The conversion of the subject indexing tools was also accompanied by far-reaching institutional transformations. Both institutions initially developed independently from institute libraries to supra-regional subject libraries. This meant not only an increase in the number of staff, but also the establishment of separate scientific services with specialized scholarly staff, partly with a doctorate in economics who developed and maintained the thesauri.

[top of entry]

3. The STW in its current form

At first, the standardization of content description in business and economics information primarily addressed a German-speaking scientific community. As a result, the first version of the STW, published in 1998, was available only in German. With this essentially German-speaking user group in mind, the STW claimed to serve as a standard, as reflected in the German name of the thesaurus. As with other disciplines, however, the scientific discourse within sub-disciplines of the economic sciences increasingly became more international. In 2007, the ZBW exclusively assumed responsibility for the maintenance and development of the STW and consequently directed its information services towards an international, English-speaking, scientific community and a greater level of interoperability in the modeling of concepts. As of version 8.02, released in 2007, all descriptors in the STW are bilingual, in German and English.

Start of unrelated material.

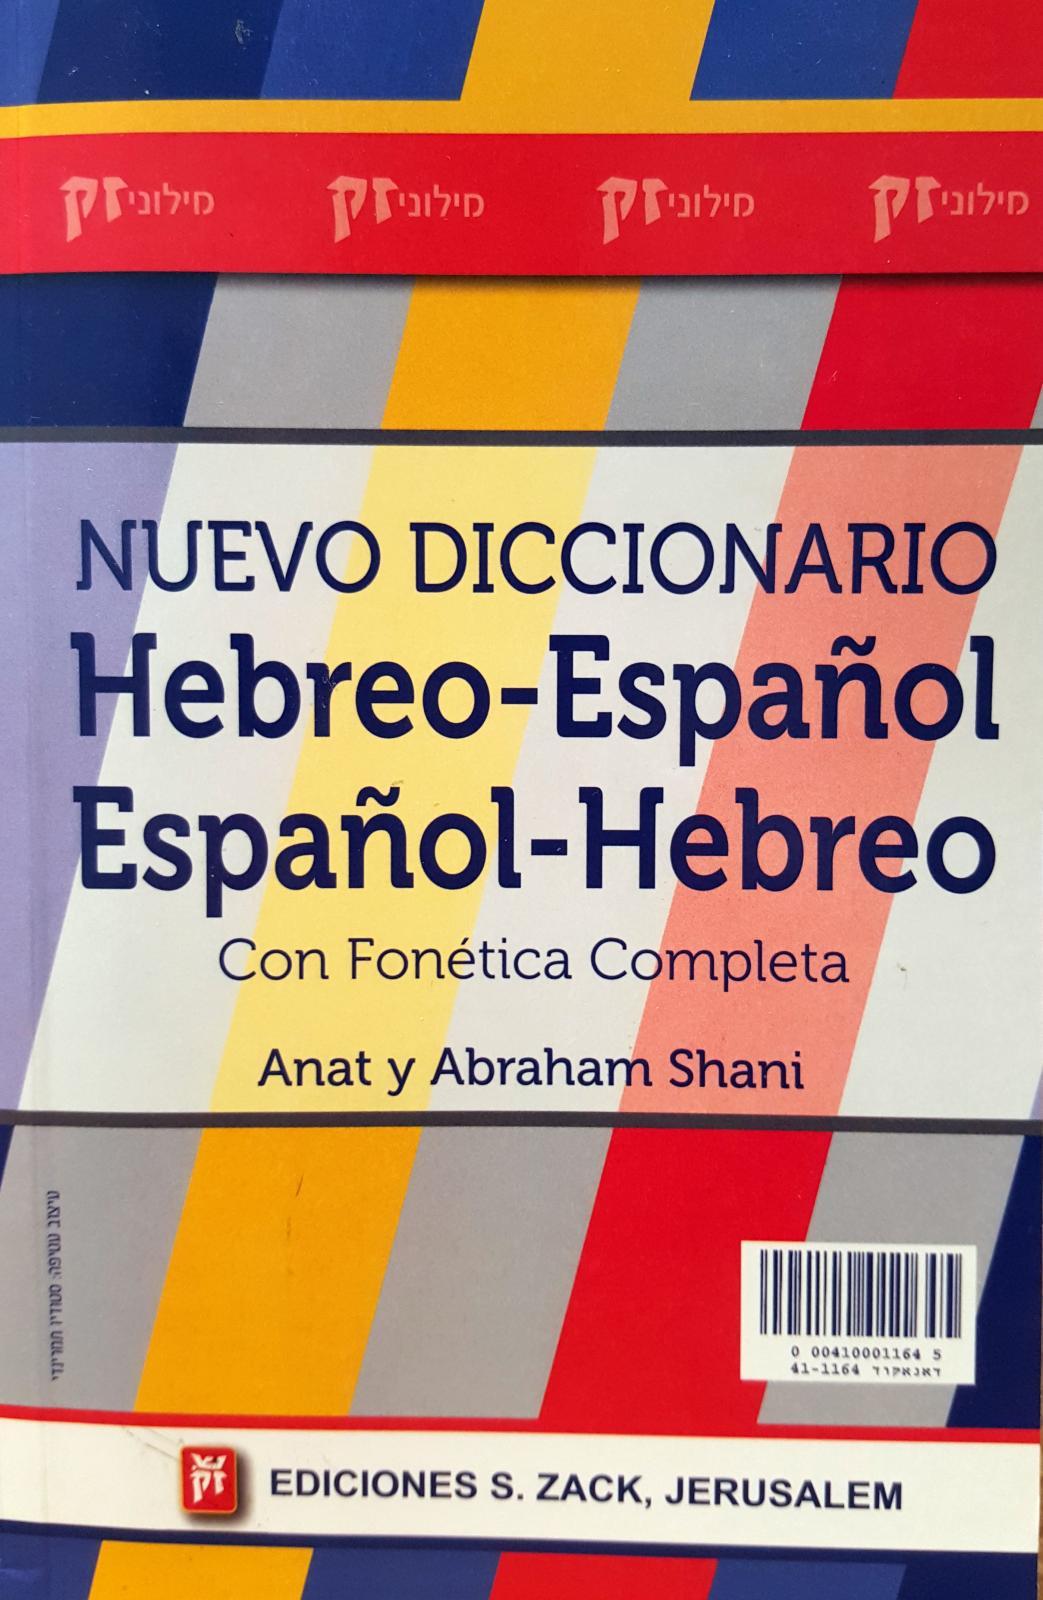 Nuevo Diccionario Hebreo - Español / Español - Hebreo 50.000 términos
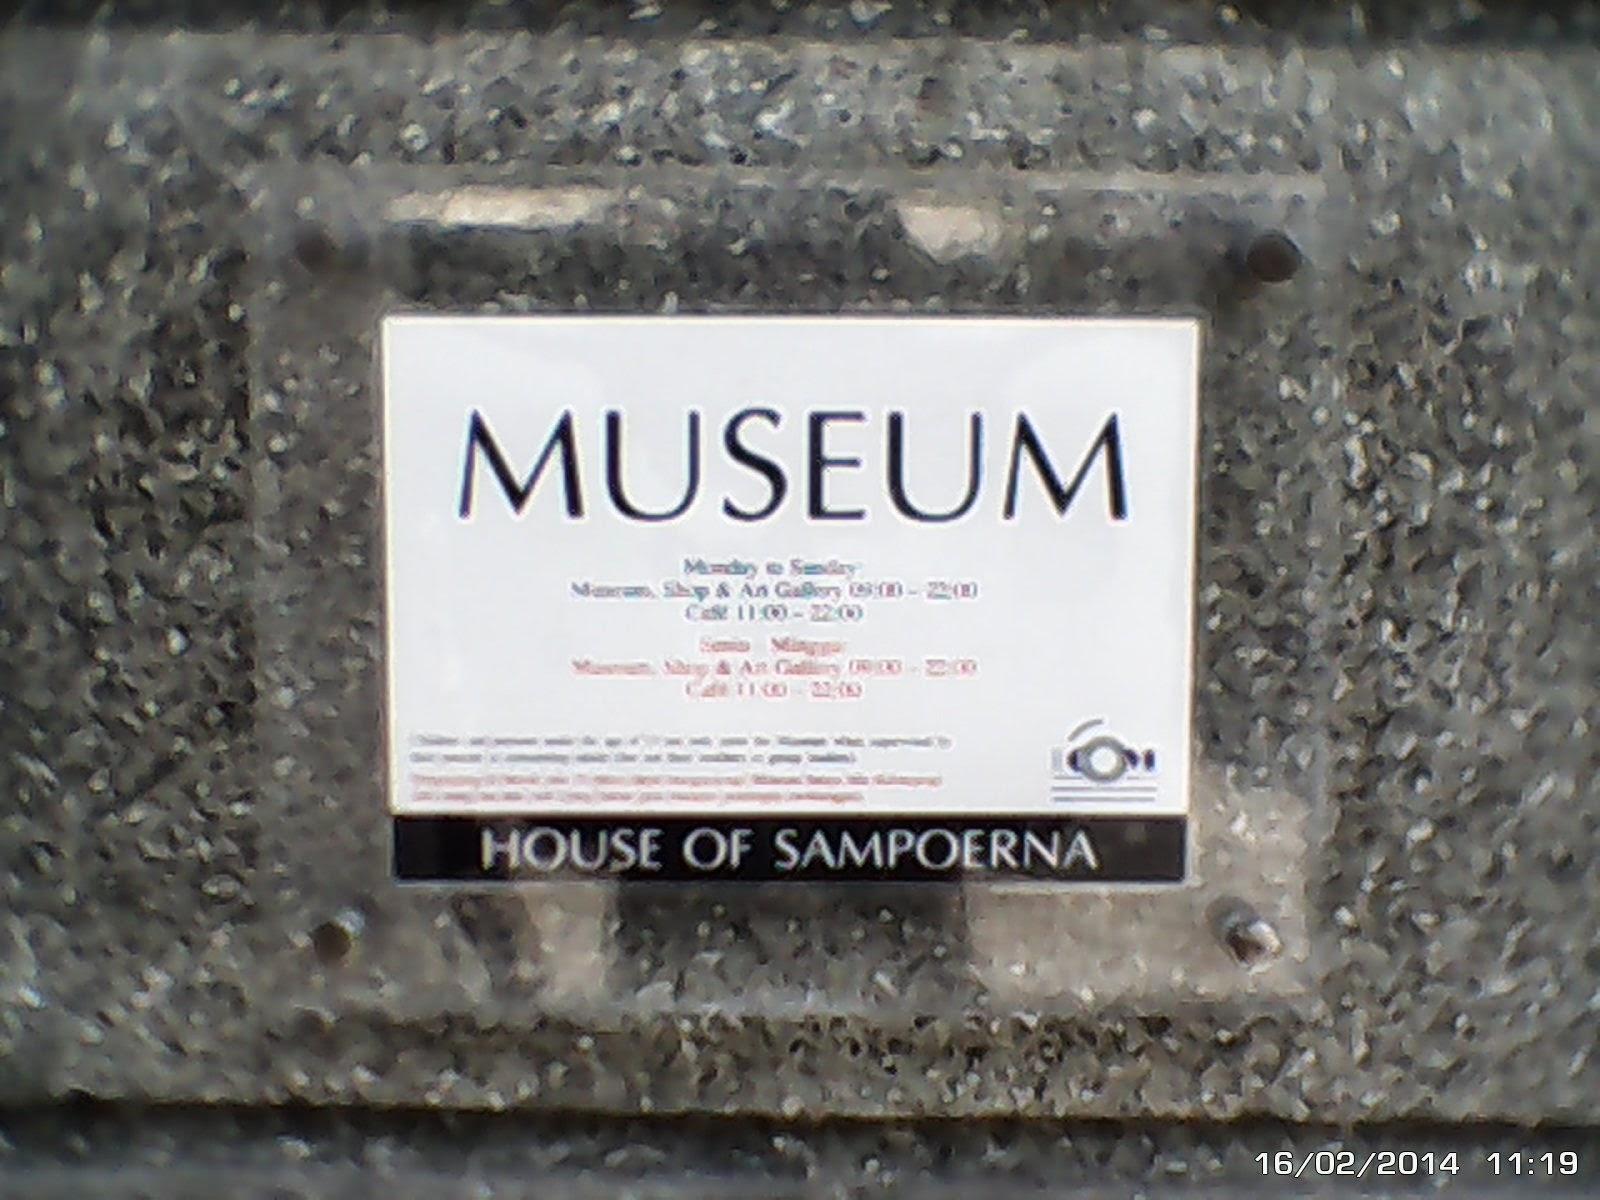 Museum of Sampoerna - Surabaya

In addition, the publication of the STW on the Web and its first complete overhaul decisively shaped the current appearance of the thesaurus.

[top of entry]

3.1 Web publication

The goal of the web-based version of the STW in 2009 was its reusability by people as well as by machines (Neubert 2009). The web version applied two main technologies: SKOS, the Simple Knowledge Organization System for defining concepts and their interrelations, and RDFa, a technique for embedding machine-readable data into human-readable web pages, as described in section 4. At the time that both technologies were in their final states of standardization by the World Wide Web Consortium, the Linked Open Data on the web movement was just emerging. A few extensions (e.g., for the category system of the STW) were added to cover all semantic structures of the STW. The web pages and all related services derive from one set of publicly available SKOS files obtained and converted from the maintenance system. This ensures consistency across diverse methods of content publication.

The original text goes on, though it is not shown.